A menudo es difícil distinguir entre fantasía y verdad en las vidas de los santos celtas, de manera especial si se trata de santos irlandeses. Es una pena, porque en sus Imrama o relatos de viajes se encuentran fragmentos que parecen dar cuenta o, más bien, reflejar experiencias en altas latitudes, con gigantescas ballenas y volcanes en erupción. Ningún sufrimiento era demasiado grande para quienes, como Cormac ua Liathain, buscaron su desierto en el océano, aun cuando la recompensa para los afortunados fuera tan sólo rezar y adorar, soledad y automortificación, en cuevas y chozas diseminadas por islas solitarias.

Ansiosos lamentos al Cielo, confesión sincera y francamente devota, aguaceros de lágrimas fervorosas.

Un lecho frío e incómodo, como el yacer de los réprobos, un sueño corto y aprensivo, gemidos frecuentes…

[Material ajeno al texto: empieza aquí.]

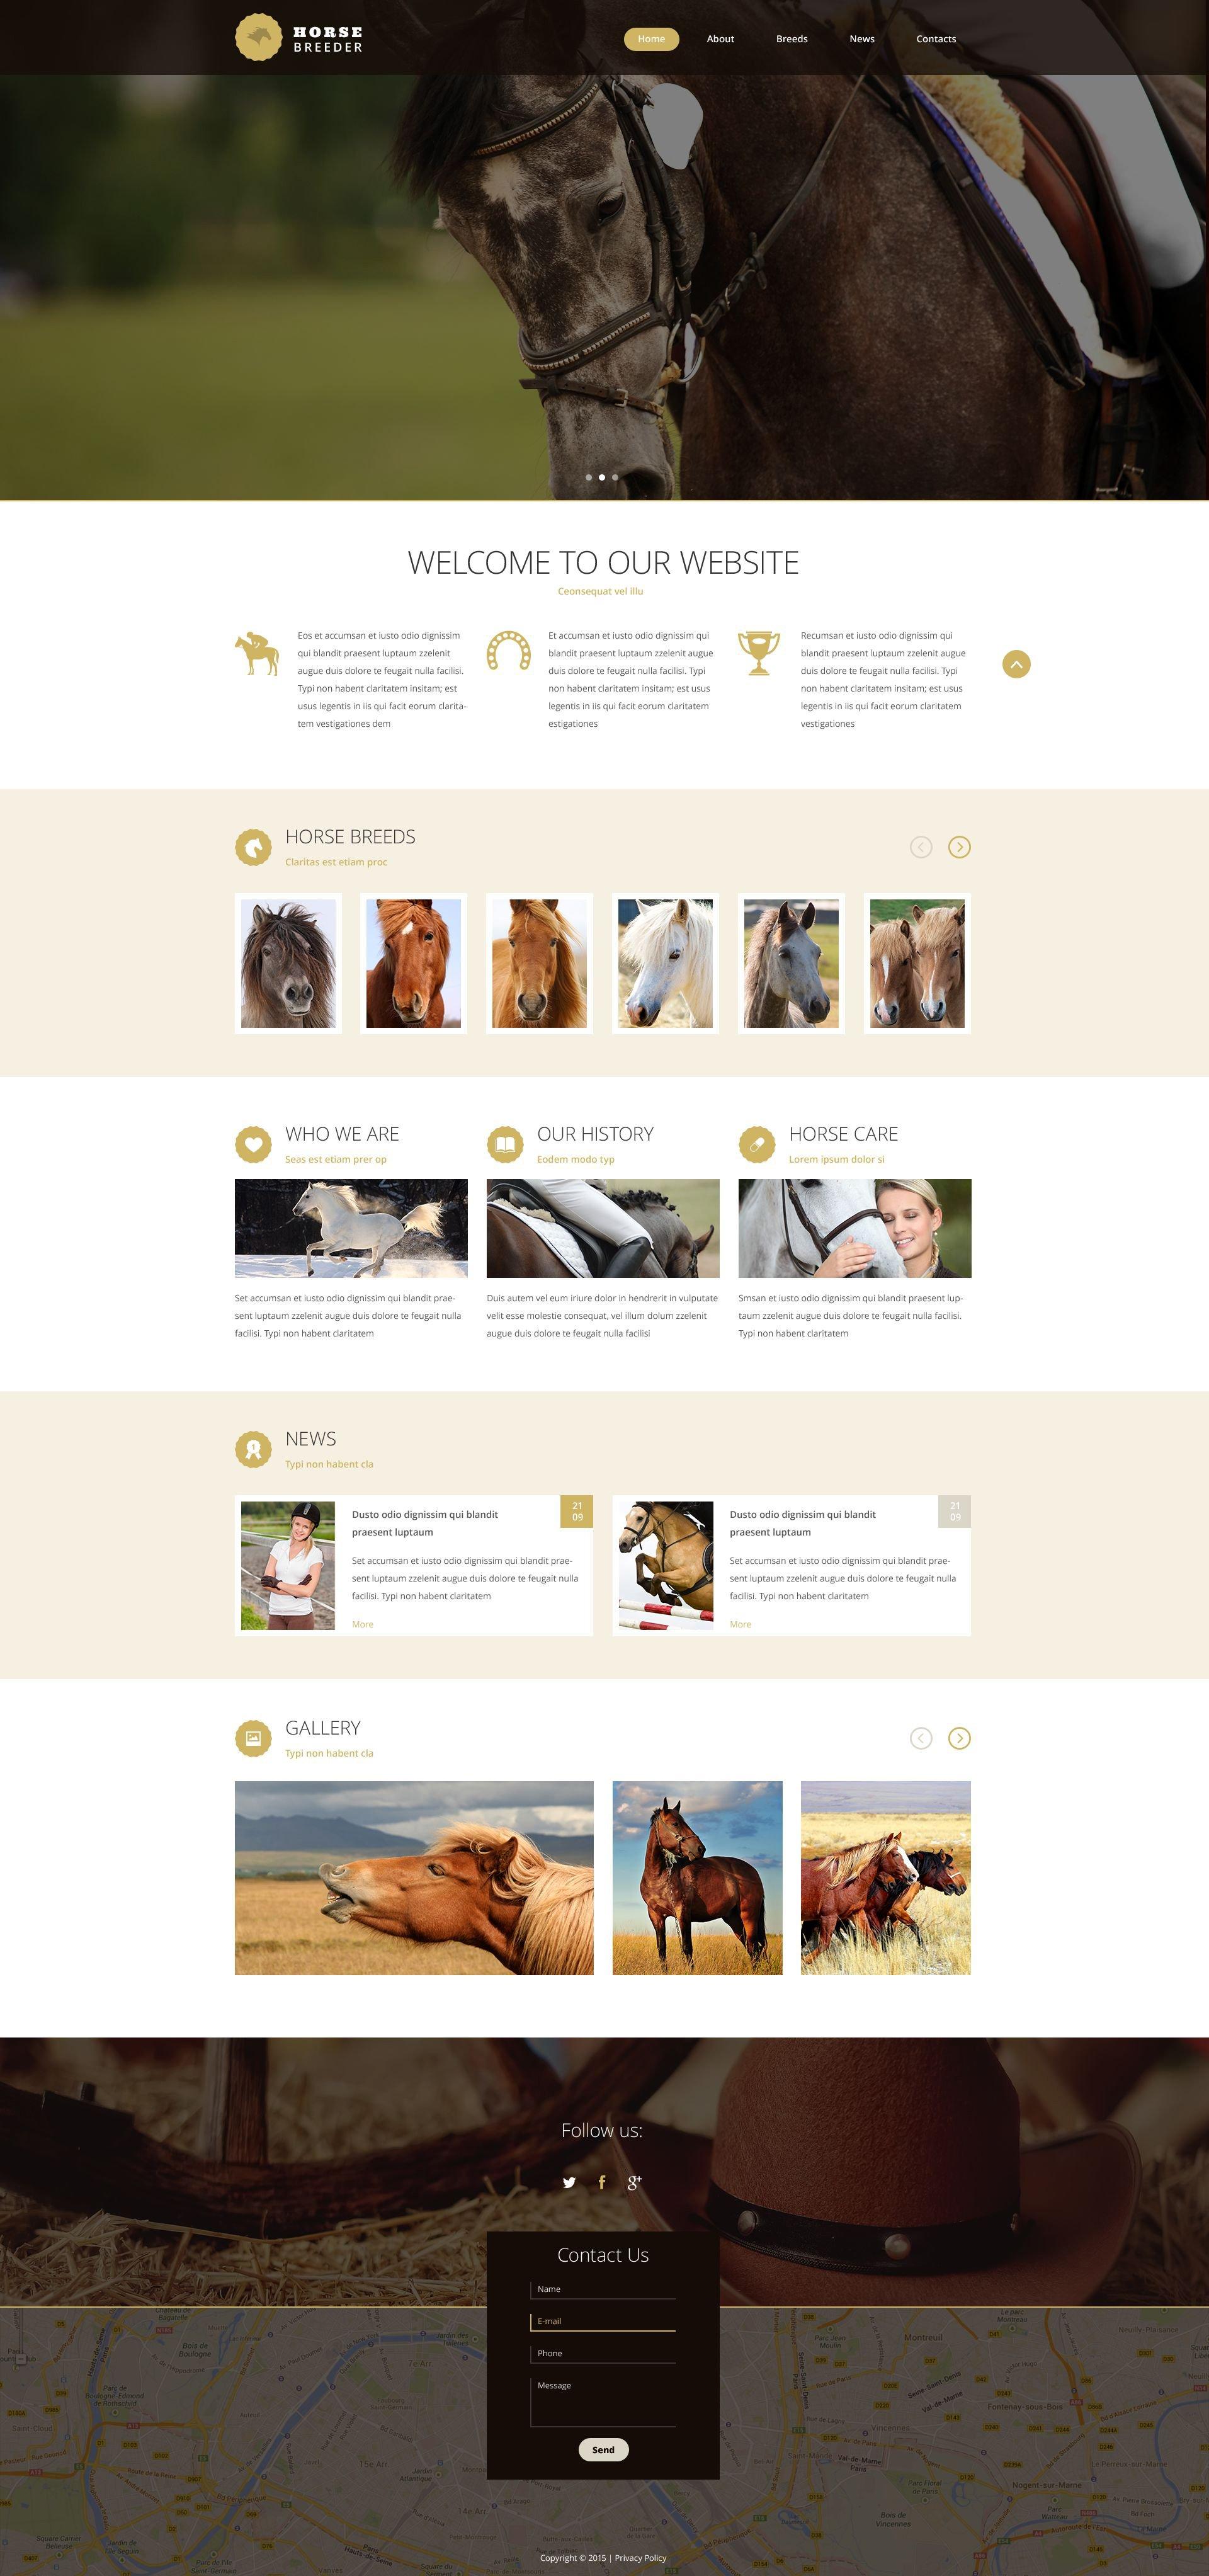 Reszponzív Horse Breeder Weboldal sablon 53786

Solitario en mi pequeña choza, sin compañía alguna, solo vine al mundo, solo me separé de él.

Otros escritos, cierto es, suenan más alegres, como el anónimo poema del siglo XII sobre la vida ermitaña de San Columba en la isla:

Resulta delicioso estar en el seno de una isla, en el pico de una roca, de modo que a menudo pueda ver allí el mar en calma…

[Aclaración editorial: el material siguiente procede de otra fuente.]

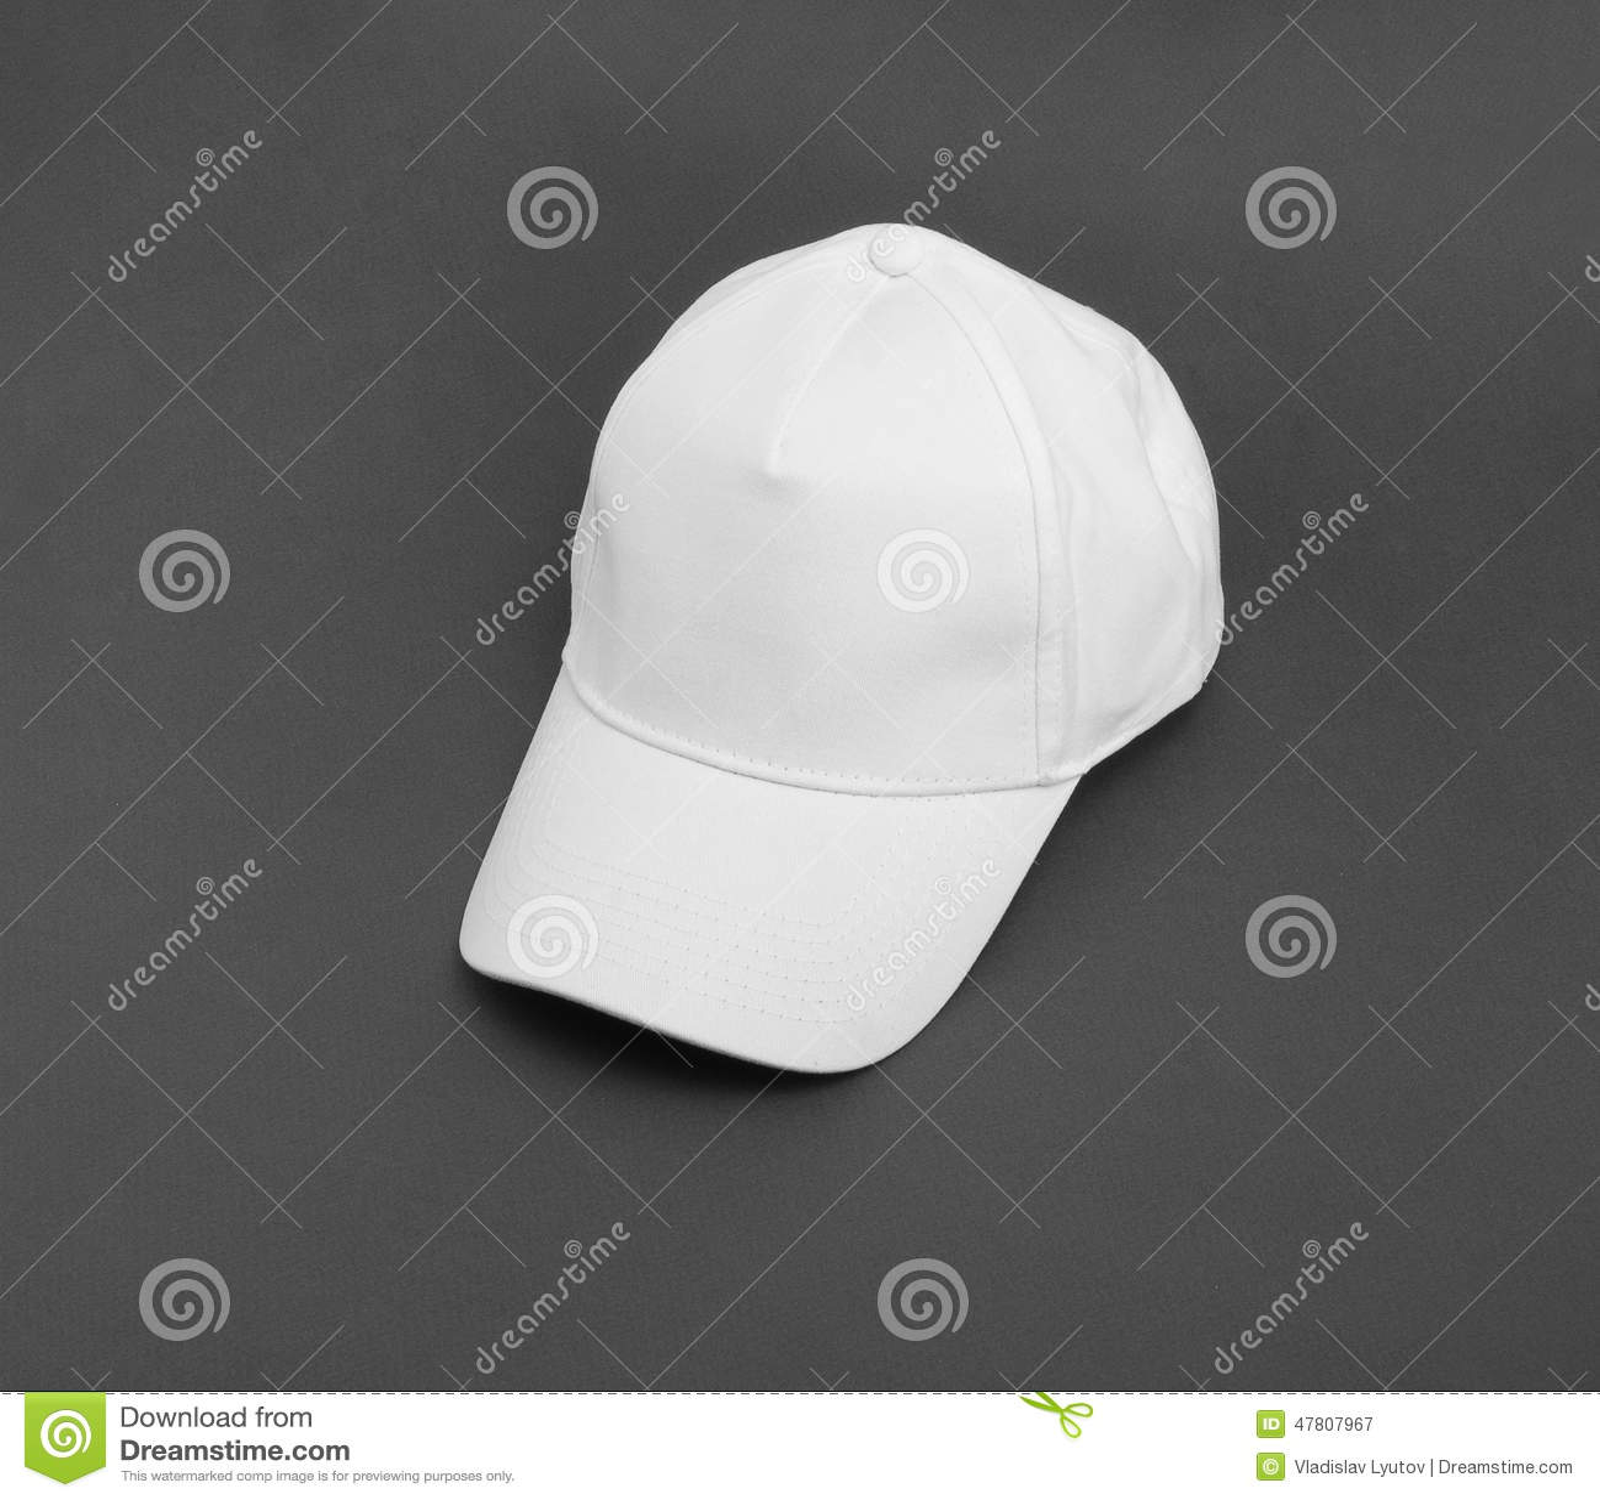 how to clean a white baseball cap

Que pueda ver sus espléndidas bandadas de pájaros sobre el caudaloso océano; que pueda ver sus gigantescas ballenas, maravilla de maravillas.

Que pueda ver la marea baja y la alta en su fluir; que éste sea mi nombre, un secreto yo revelo: «quién volvió la espalda a Irlanda».

Para la mayoría de estos hombres devotos, peregrinari pro Christo significaba no volver. Inanición o muerte violenta, todos los terrores de la tierra y del océano eran bien recibidos por la gracia de Dios. Los peregrinos habían abrazado el blanco martirio de una heroica renunciación[4].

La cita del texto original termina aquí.